WHAT TO WORK ON: Only the lines from the one that includes "Casio G-Shock GShock" through the last line below belong in the reply, copied exactly and without pictures.

[[ RECORDED INFORMATION, beginning ]]

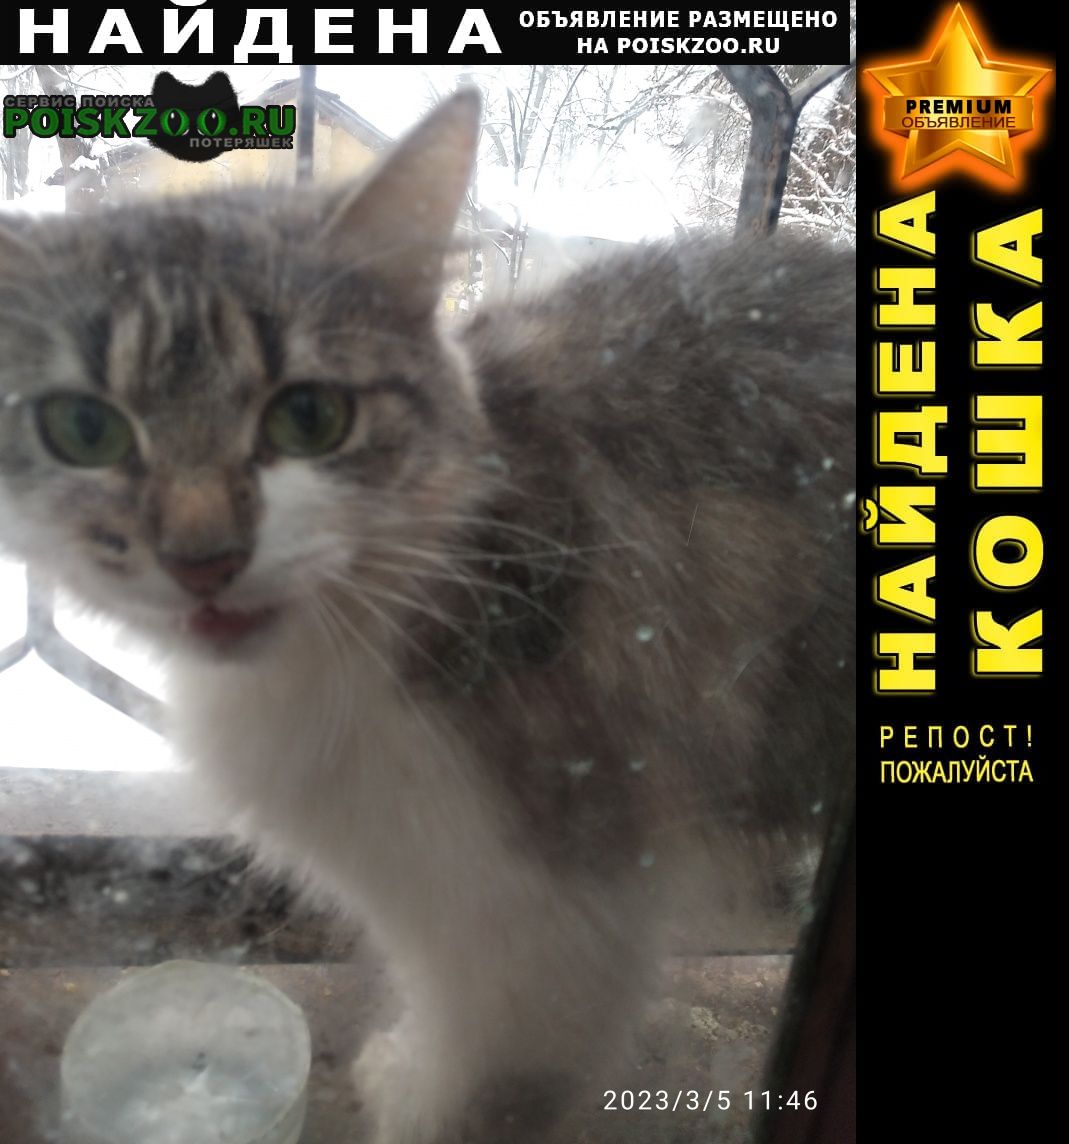 Найдена кошка в районе ул. бекетова, дома 5 Нижний Новгород
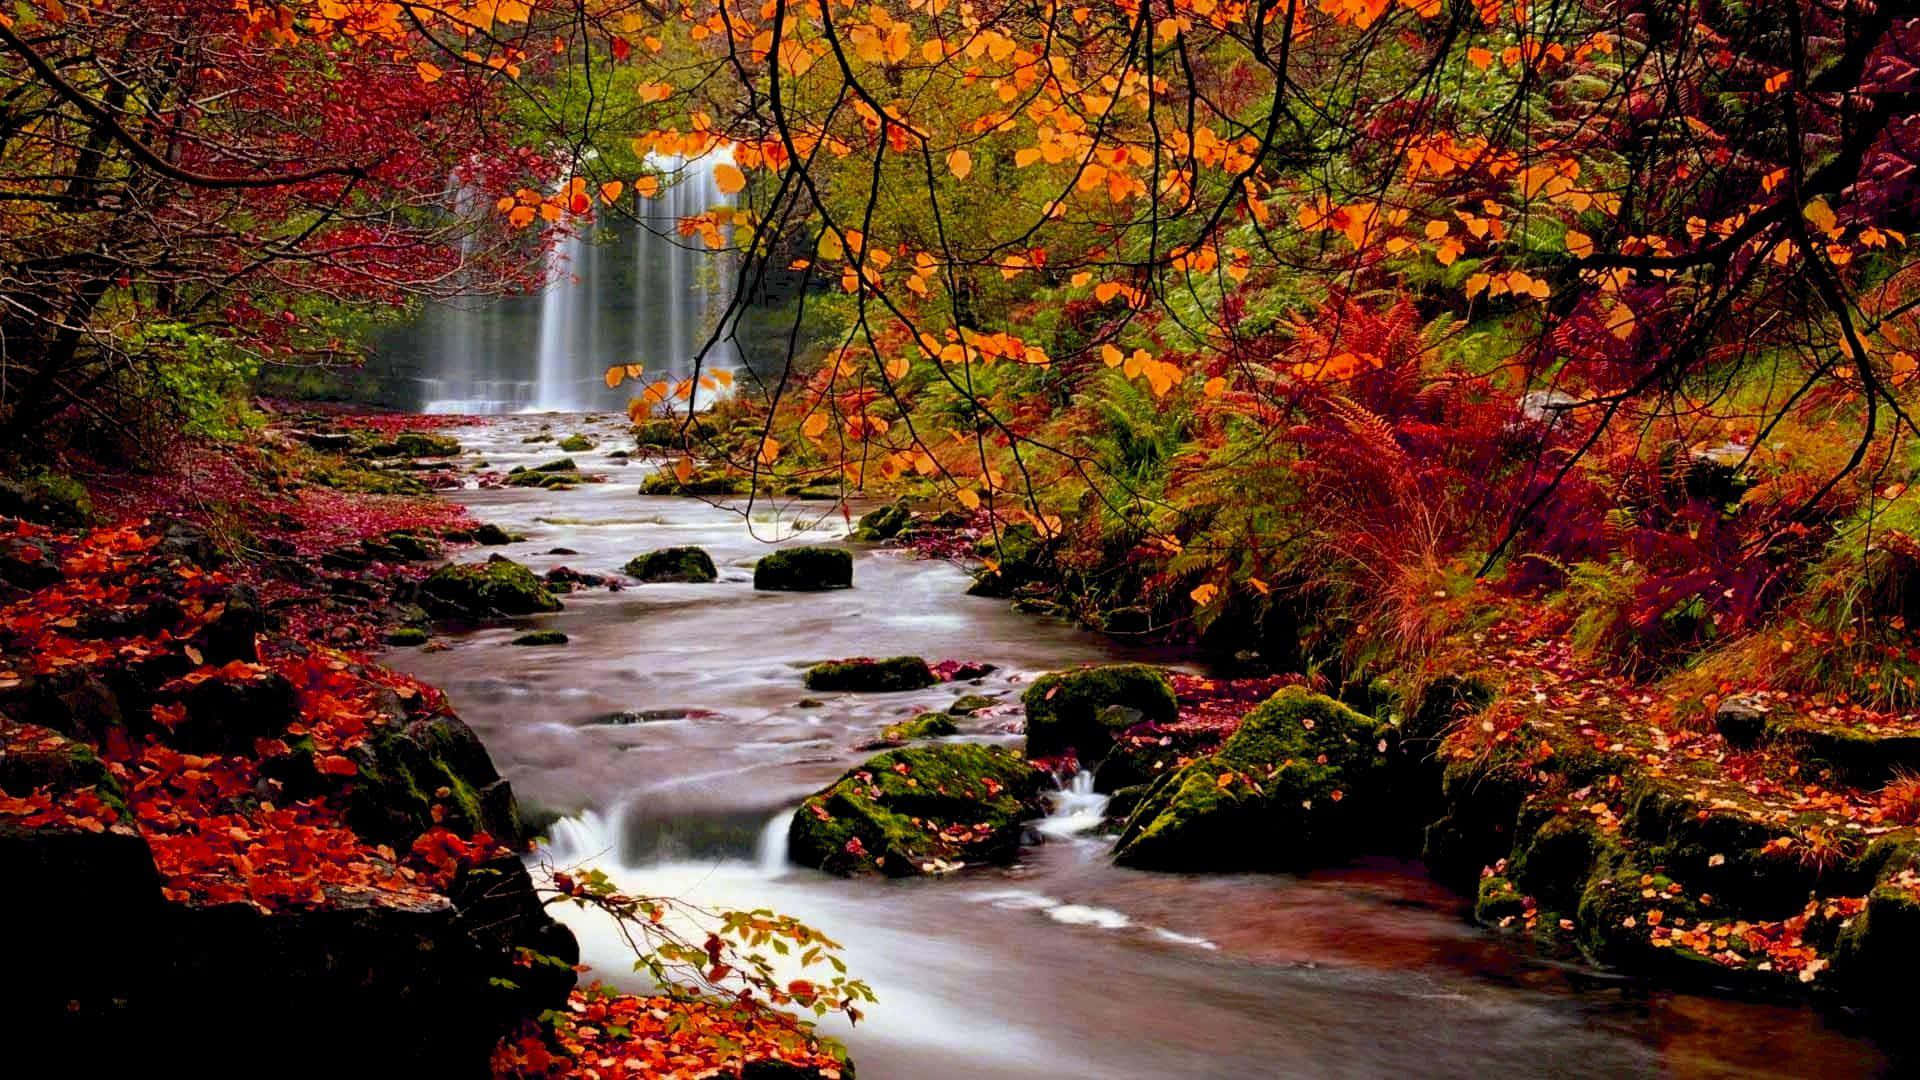 Autumn Desktop - Enjoy the beauty of nature this fall! Wallpaper
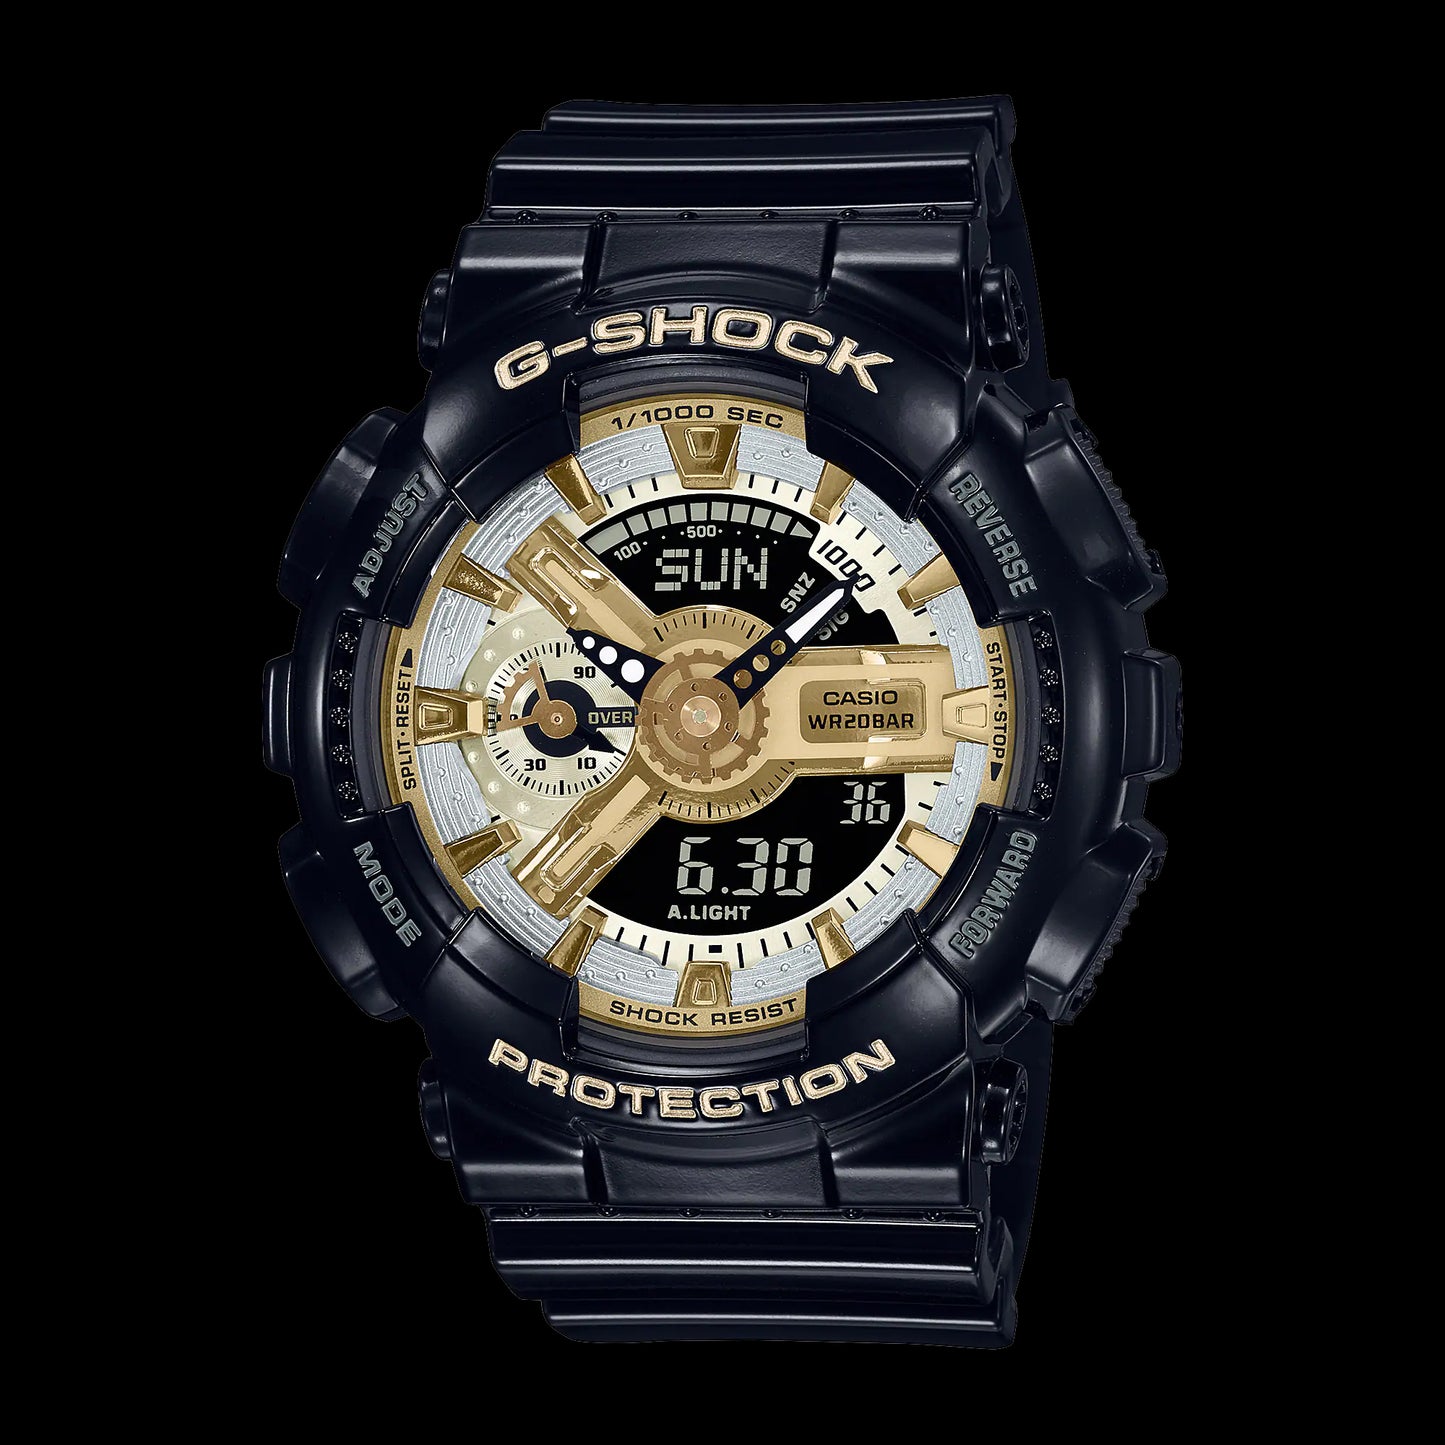 Casio G-Shock GShock S Series Analog-Digital Black x Gold Ladies' Watch GMAS110GB-1ADR
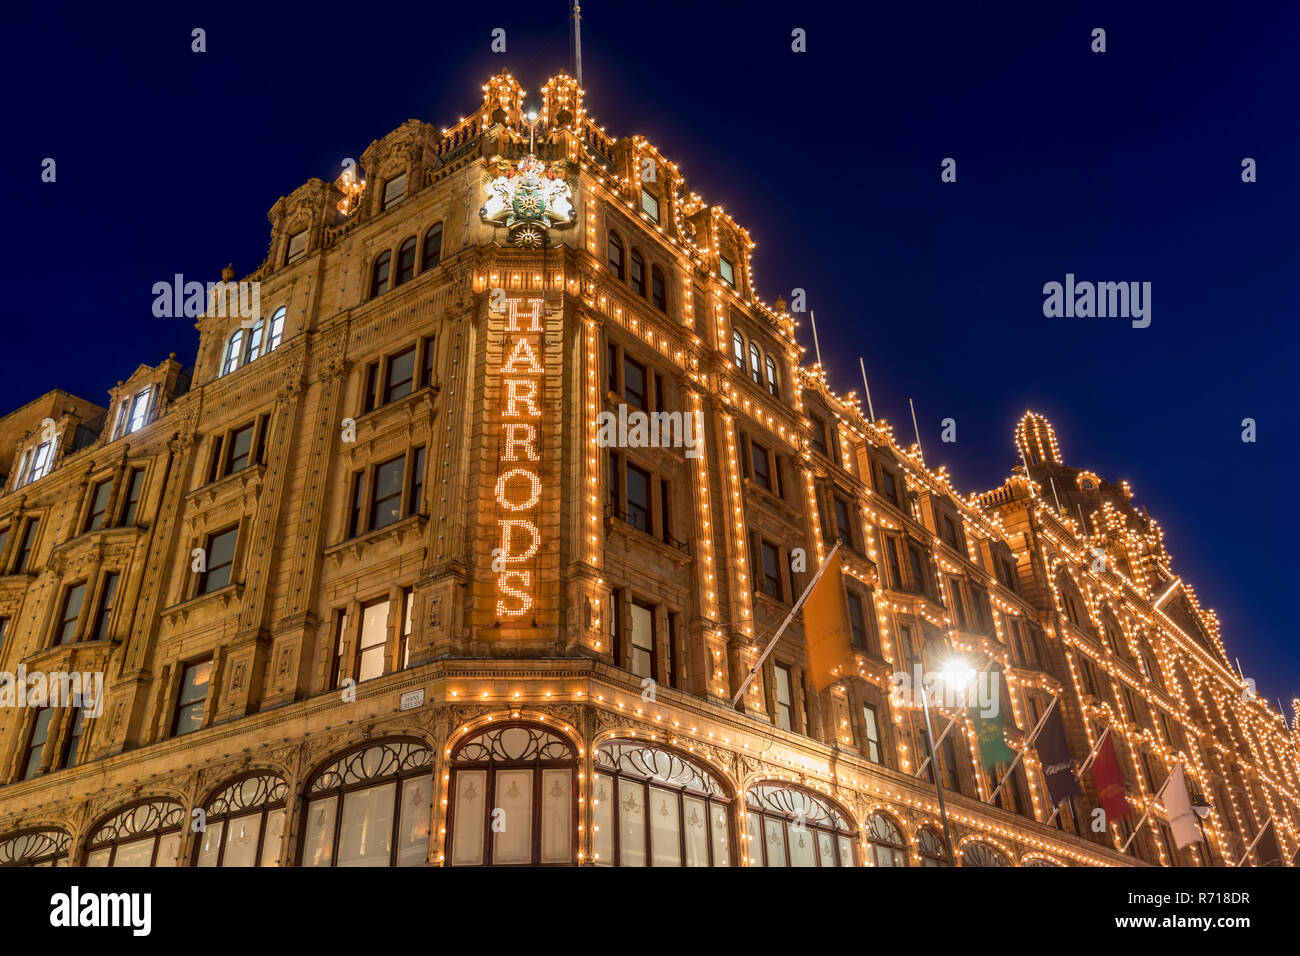 Illuminated department store Harrods, night scene, London, Great Britain Stock Photo

[[ RECORDED INFORMATION, end ]]

SOLUTION FOR THIS PROBLEM:
 Casio G-Shock GShock S Series Analog-Digital Black x Gold Ladies' Watch GMAS110GB-1ADR
 Illuminated department store Harrods, night scene, London, Great Britain Stock Photo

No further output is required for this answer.